Date of Award


Document Type


Degree Name

Master of Science in Aeronautical Engineering


Department of Aeronautics and Astronautics

First Advisor

Raymond C. Maple, PhD


Based on forthcoming USAF needs, an investigation was launched to further the understanding of aft dispense of munitions in a high-speed environment. A computational fluid dynamics (CFD) study was performed followed by a wind tunnel experiment. The study consisted of a strut-mounted cone simulating a parent vehicle and a sting mounted cone-cylinder store situated directly behind the cone. The CFD modeled the test objects inside a supersonic wind tunnel in which the experiments took place.

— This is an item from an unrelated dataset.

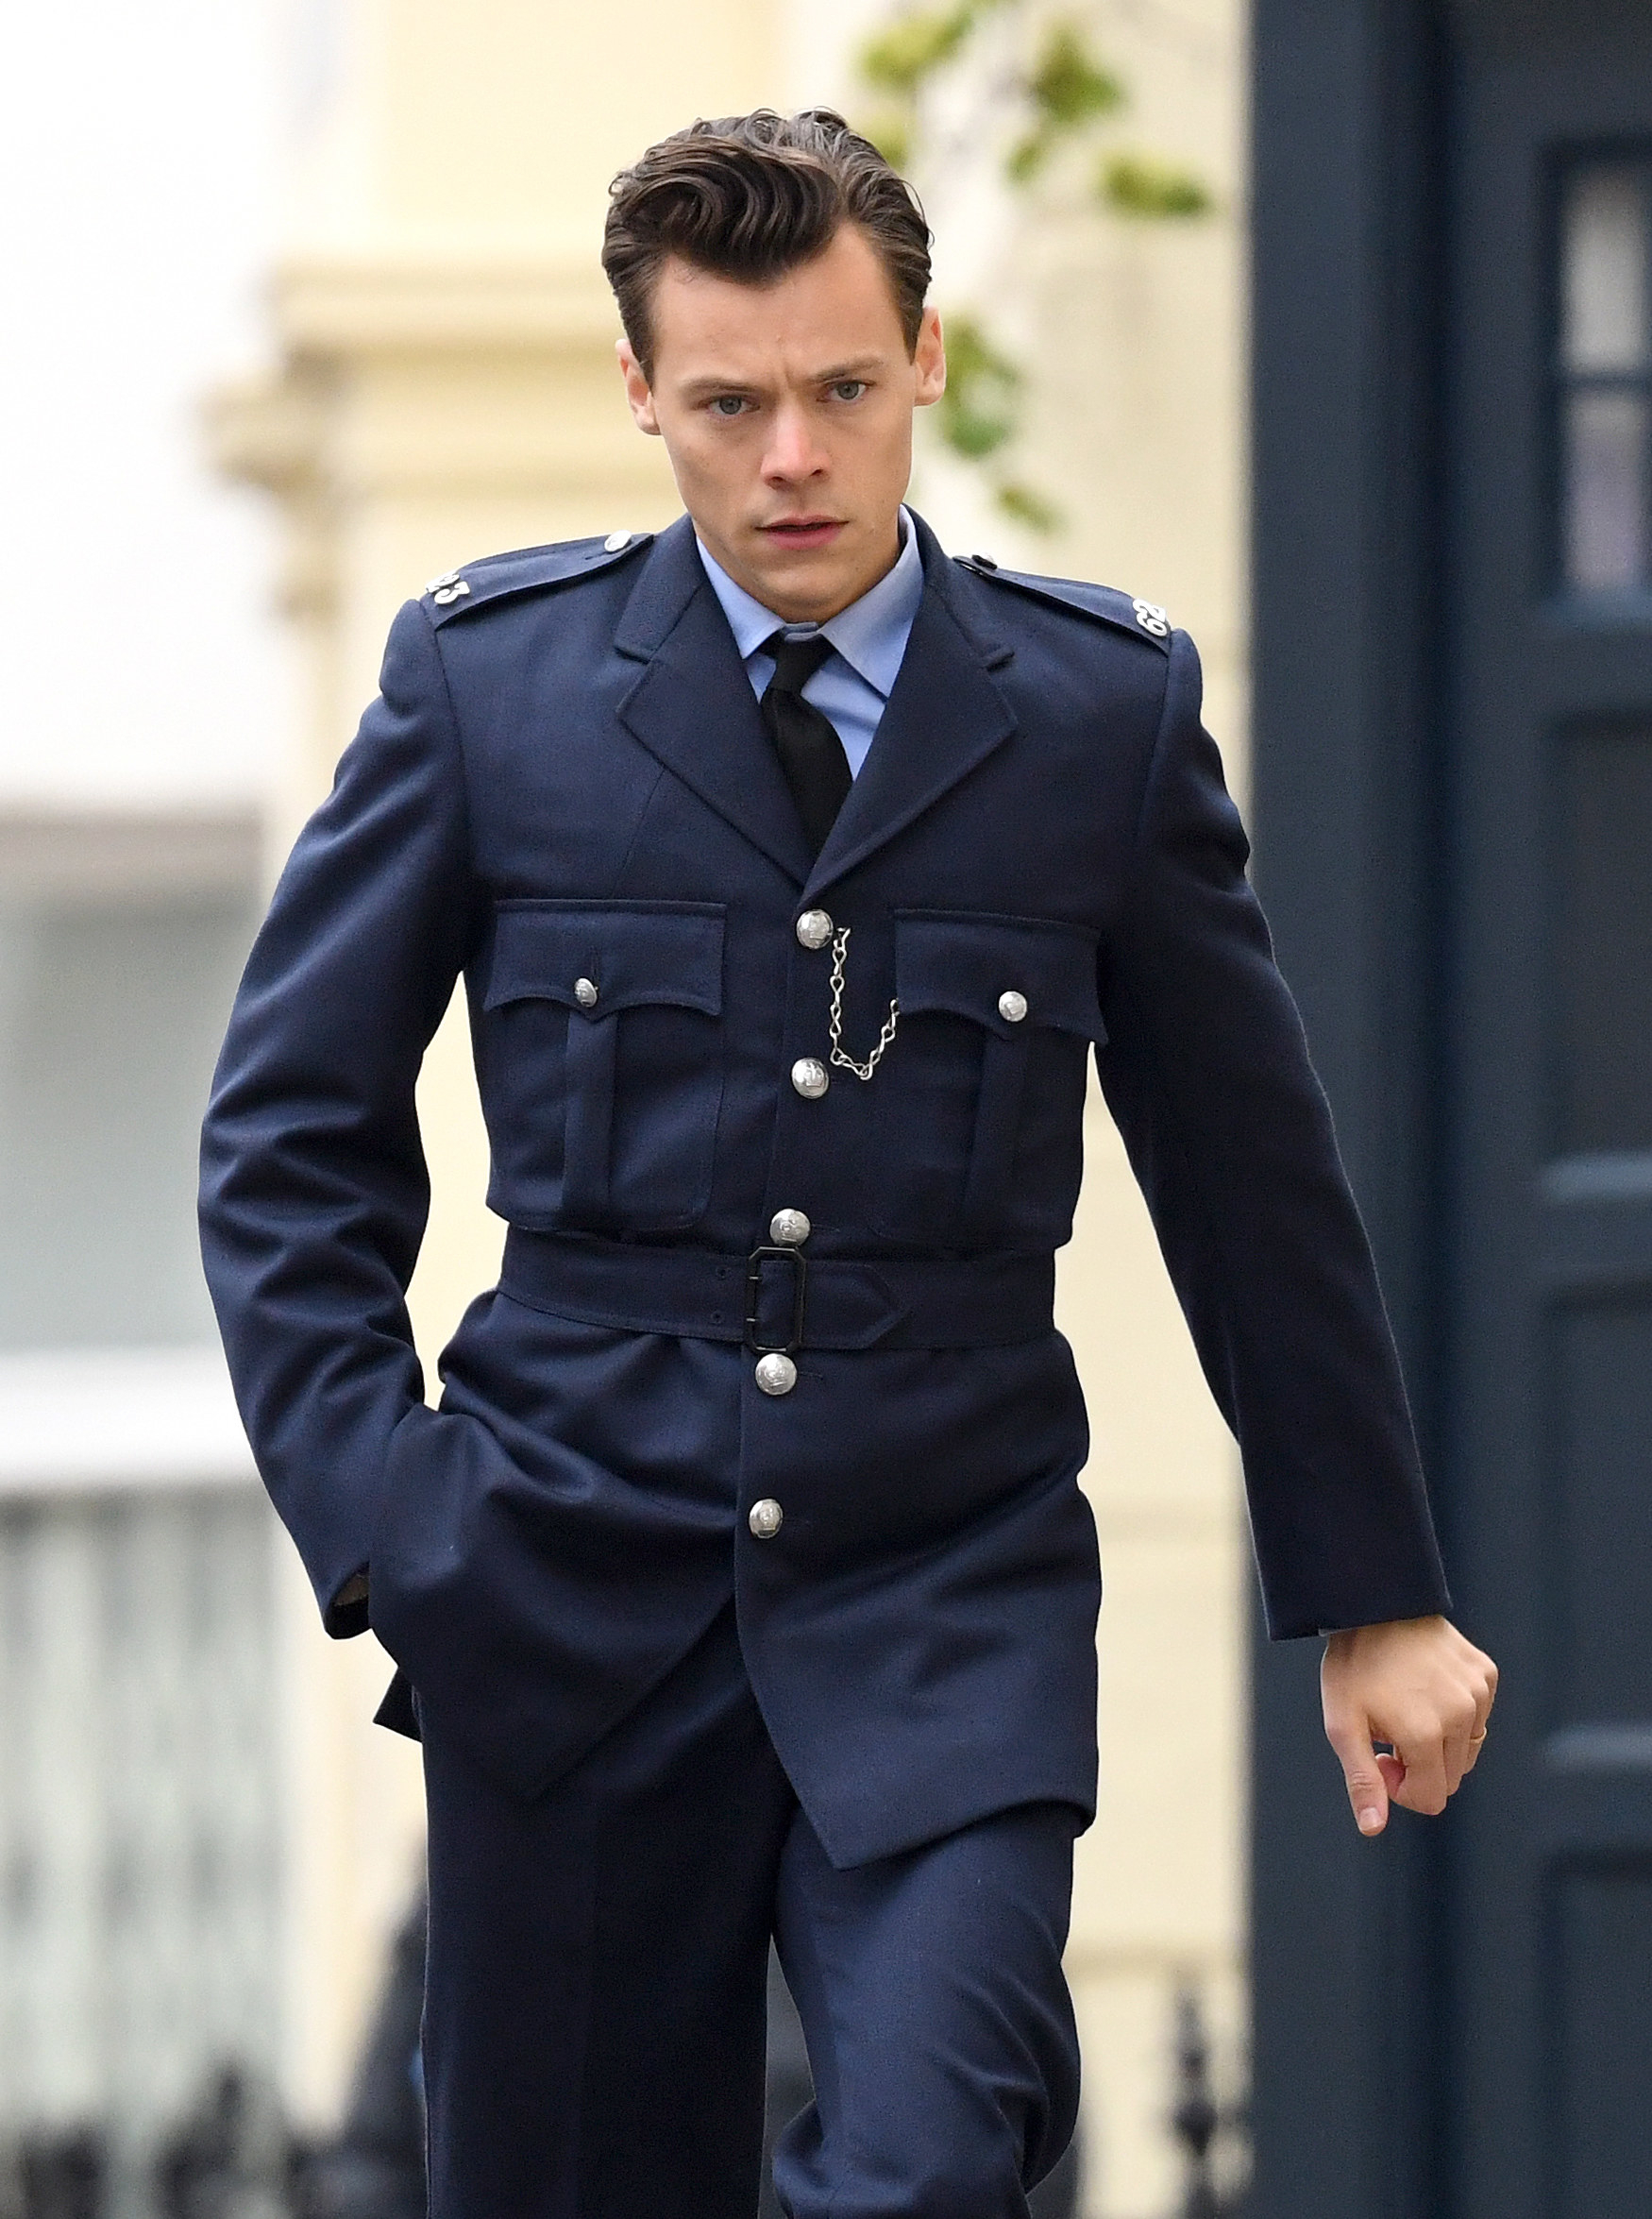 Harry in uniform walking down the street

The CFD study consisted of evaluating a new strut designed to reduce asymmetry in the airflow aft of the cone. The CFD study also included predictions of axial loads acting on the store in various locations behind the cone. The experimental study consisted of implementing the new strut and introducing a miniature load cell for comparison to CFD load predictions. The CFD study indicated the newly designed strut lengthened the cone's base region by 27% and reduced transverse forces acting on the store by as much as 50% in two of the three locations evaluated. The experimental studies were successful in obtaining axial force coefficients that matched the CFD trend and were typically within 30% of the magnitudes. It was concluded that the load cell was generally adequate in measuring the axial loading on the store though its accuracy is less than that of a typical wind tunnel balance. The error trends indicate that the polymer store introduces the least amount of statistical error making it the most accurate representation of the results. Significant sources of error include transverse vibrations and axial buffeting observed in the wind tunnel tests.